Exercise requirements
Would you reproduce each line below exactly, leaving every picture out?

Dataset content
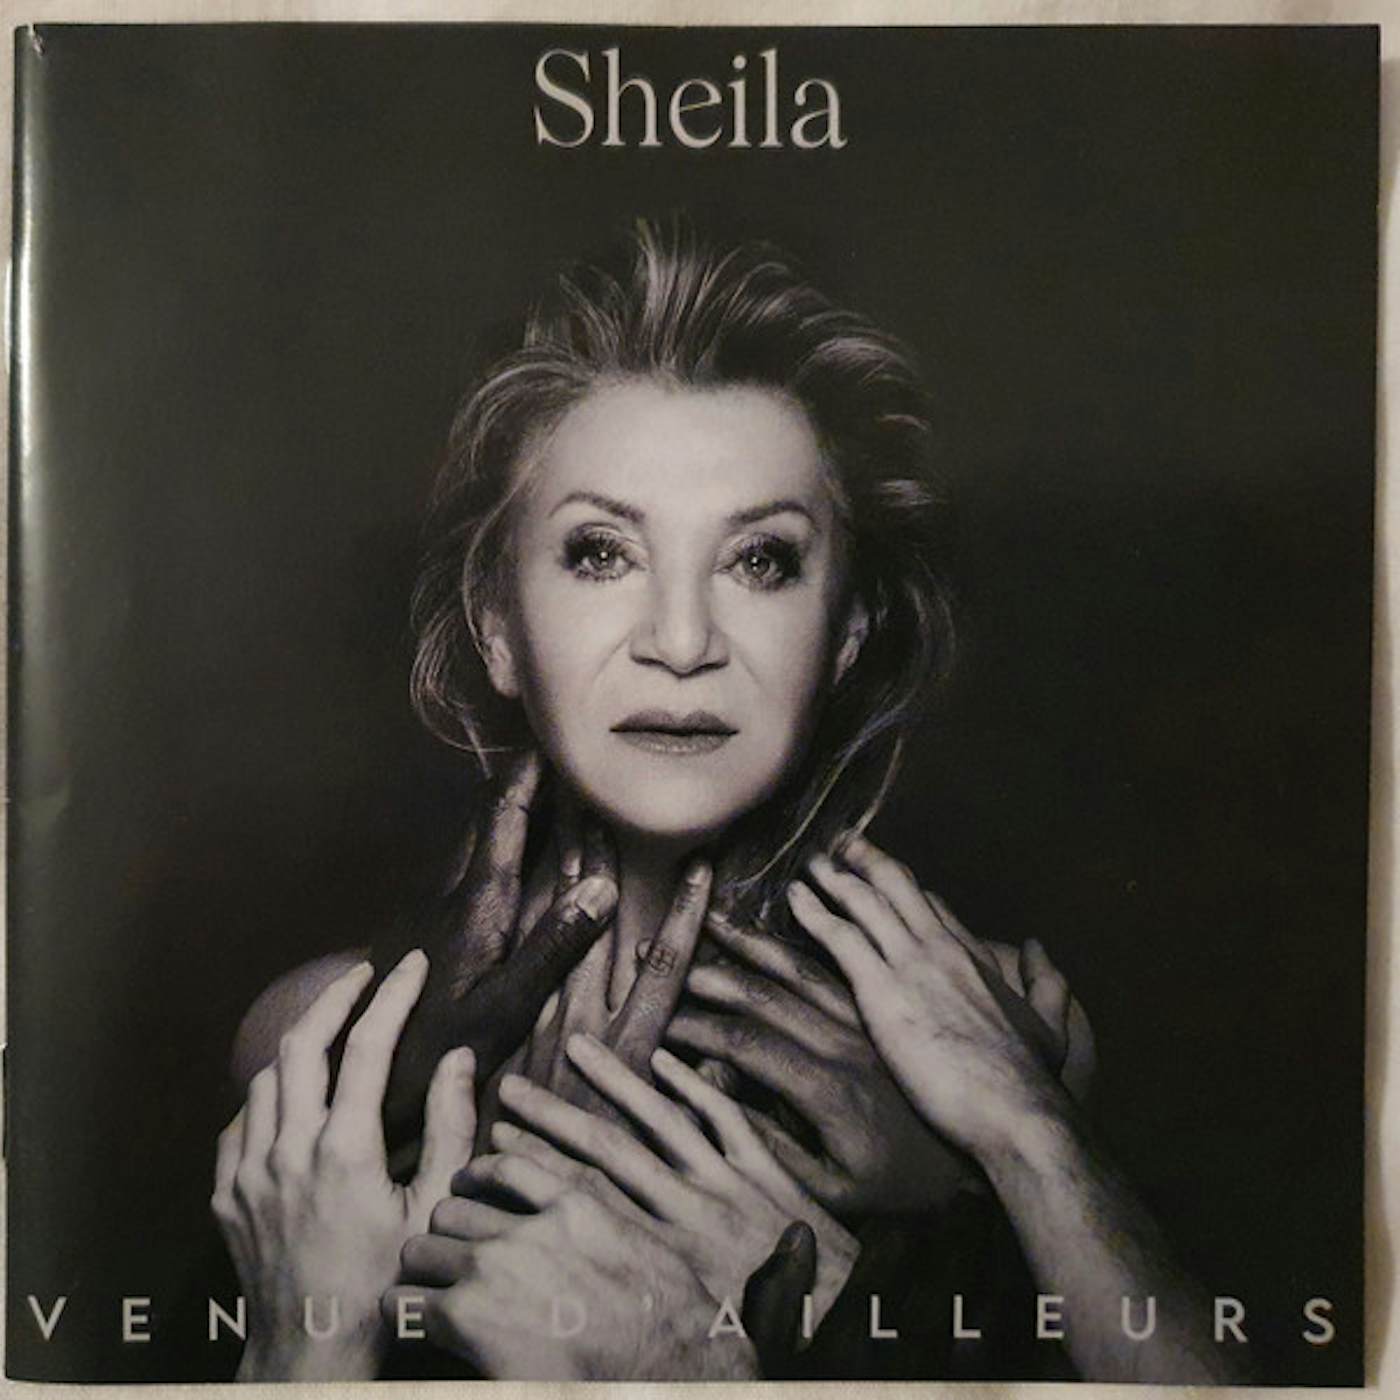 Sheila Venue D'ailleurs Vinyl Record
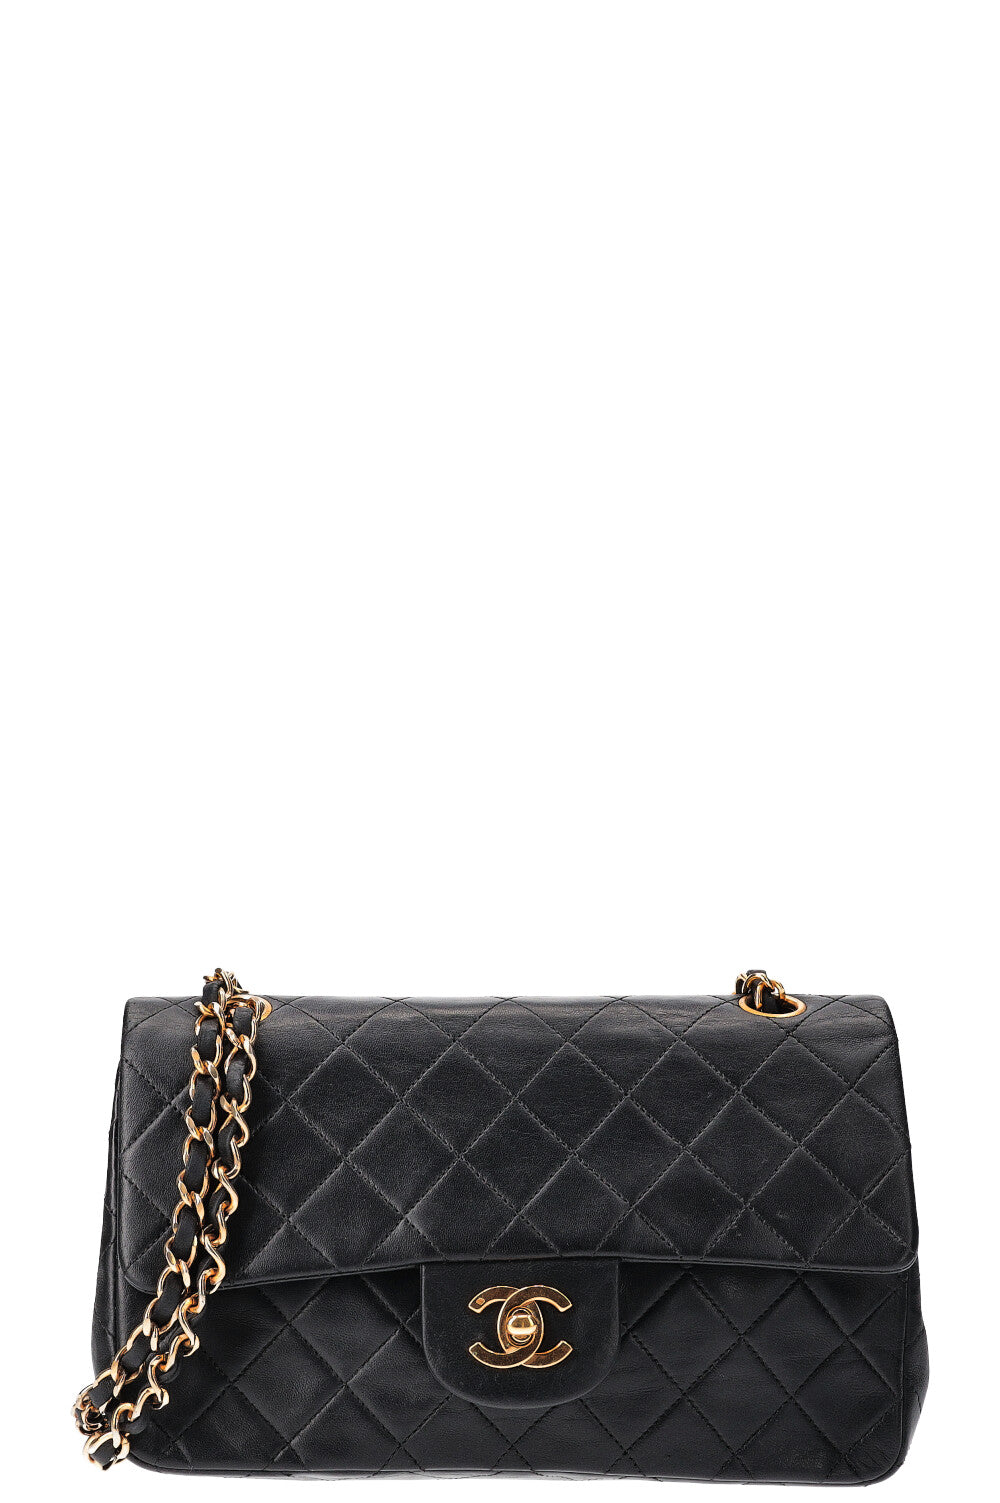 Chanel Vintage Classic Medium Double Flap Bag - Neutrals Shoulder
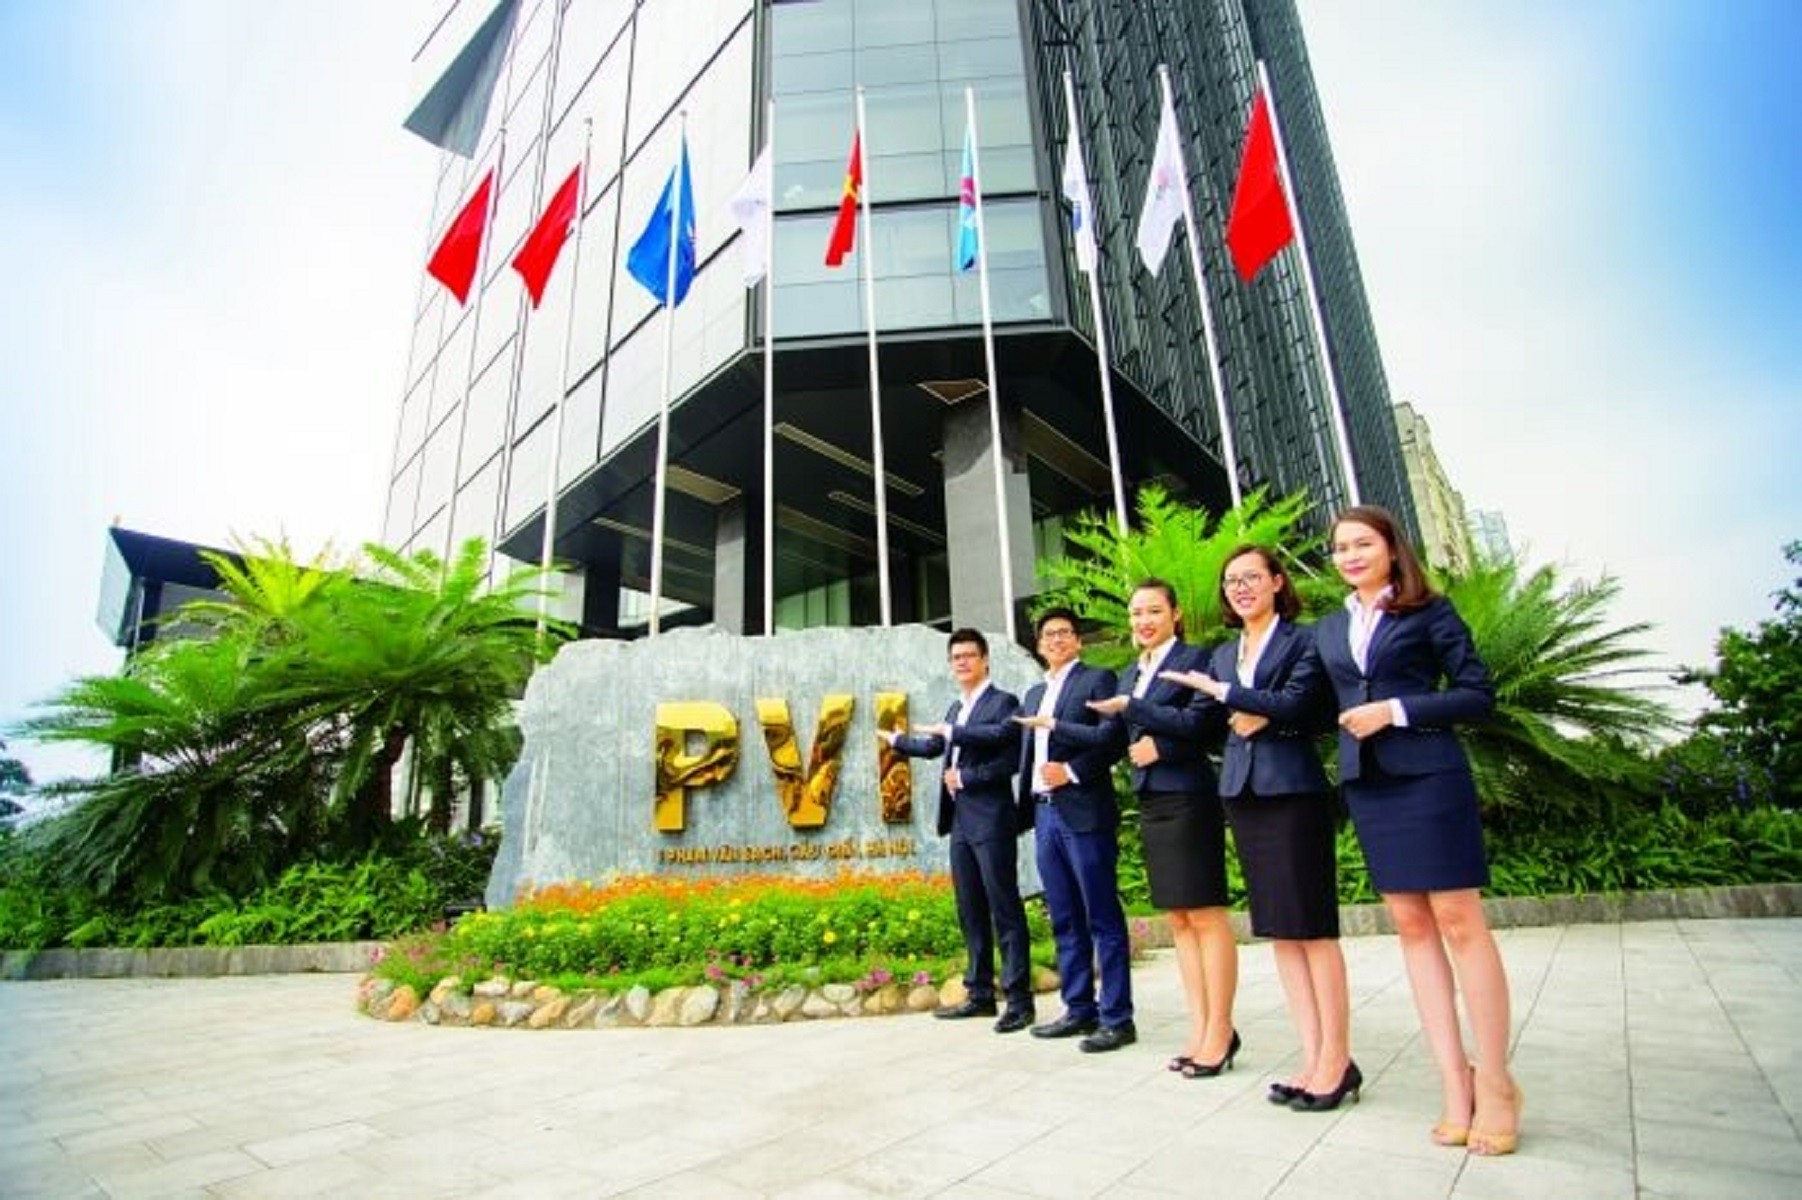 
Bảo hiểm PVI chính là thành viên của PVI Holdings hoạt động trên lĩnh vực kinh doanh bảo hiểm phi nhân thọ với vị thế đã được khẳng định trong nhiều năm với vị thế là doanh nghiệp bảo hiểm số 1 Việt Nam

Answer to this task
 Sheila Venue D'ailleurs Vinyl Record
 Chanel Vintage Classic Medium Double Flap Bag - Neutrals Shoulder
Bảo hiểm PVI chính là thành viên của PVI Holdings hoạt động trên lĩnh vực kinh doanh bảo hiểm phi nhân thọ với vị thế đã được khẳng định trong nhiều năm với vị thế là doanh nghiệp bảo hiểm số 1 Việt Nam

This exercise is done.